Whenever a line contains the string "Drive", copy it out of the entries.

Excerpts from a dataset
##############################
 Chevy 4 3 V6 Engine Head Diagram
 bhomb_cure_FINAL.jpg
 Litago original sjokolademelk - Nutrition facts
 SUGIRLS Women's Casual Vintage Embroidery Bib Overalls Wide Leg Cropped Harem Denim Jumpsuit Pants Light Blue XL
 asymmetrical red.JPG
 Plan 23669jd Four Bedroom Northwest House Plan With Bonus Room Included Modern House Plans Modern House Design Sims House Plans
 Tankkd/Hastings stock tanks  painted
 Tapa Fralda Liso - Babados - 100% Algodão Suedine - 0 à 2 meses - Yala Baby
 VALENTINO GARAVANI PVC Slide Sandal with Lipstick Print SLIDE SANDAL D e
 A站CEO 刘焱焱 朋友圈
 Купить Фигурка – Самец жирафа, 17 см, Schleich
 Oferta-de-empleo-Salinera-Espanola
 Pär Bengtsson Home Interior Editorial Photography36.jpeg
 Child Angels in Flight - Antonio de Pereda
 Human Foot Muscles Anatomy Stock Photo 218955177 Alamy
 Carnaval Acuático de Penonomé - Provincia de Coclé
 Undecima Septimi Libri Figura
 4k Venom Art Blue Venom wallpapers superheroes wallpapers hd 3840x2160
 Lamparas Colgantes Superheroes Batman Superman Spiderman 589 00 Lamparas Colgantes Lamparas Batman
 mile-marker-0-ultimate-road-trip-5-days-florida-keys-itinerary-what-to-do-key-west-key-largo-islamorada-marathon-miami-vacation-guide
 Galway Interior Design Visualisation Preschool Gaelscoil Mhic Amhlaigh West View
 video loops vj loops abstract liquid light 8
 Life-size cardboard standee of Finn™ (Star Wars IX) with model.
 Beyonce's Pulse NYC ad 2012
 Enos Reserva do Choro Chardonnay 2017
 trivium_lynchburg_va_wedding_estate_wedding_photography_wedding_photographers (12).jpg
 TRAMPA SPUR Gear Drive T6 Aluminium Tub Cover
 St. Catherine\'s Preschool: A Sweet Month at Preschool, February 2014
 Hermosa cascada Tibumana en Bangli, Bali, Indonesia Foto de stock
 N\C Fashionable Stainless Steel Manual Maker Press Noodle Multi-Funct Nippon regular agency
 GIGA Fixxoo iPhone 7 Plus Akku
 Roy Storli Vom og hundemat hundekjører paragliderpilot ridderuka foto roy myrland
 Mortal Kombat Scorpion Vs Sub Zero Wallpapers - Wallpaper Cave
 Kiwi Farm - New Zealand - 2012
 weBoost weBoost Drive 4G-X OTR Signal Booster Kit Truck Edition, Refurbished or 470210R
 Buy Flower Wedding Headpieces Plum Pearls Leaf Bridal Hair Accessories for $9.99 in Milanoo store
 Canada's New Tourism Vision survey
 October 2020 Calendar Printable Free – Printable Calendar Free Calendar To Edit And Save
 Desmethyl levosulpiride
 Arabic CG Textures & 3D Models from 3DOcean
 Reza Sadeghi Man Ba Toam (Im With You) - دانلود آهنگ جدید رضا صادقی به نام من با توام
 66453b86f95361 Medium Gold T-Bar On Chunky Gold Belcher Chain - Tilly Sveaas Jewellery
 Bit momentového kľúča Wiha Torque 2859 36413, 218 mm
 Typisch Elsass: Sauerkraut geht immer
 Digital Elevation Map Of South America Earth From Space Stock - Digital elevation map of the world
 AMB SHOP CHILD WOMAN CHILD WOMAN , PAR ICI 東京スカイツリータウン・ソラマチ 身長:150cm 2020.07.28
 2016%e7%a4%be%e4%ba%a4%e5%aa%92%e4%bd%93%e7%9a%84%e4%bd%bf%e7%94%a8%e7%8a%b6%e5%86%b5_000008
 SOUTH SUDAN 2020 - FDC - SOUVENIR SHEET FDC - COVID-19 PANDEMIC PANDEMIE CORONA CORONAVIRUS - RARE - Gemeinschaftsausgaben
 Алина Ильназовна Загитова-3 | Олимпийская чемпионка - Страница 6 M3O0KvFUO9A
##############################
_ANSWER BOX_:
 TRAMPA SPUR Gear Drive T6 Aluminium Tub Cover
 weBoost weBoost Drive 4G-X OTR Signal Booster Kit Truck Edition, Refurbished or 470210R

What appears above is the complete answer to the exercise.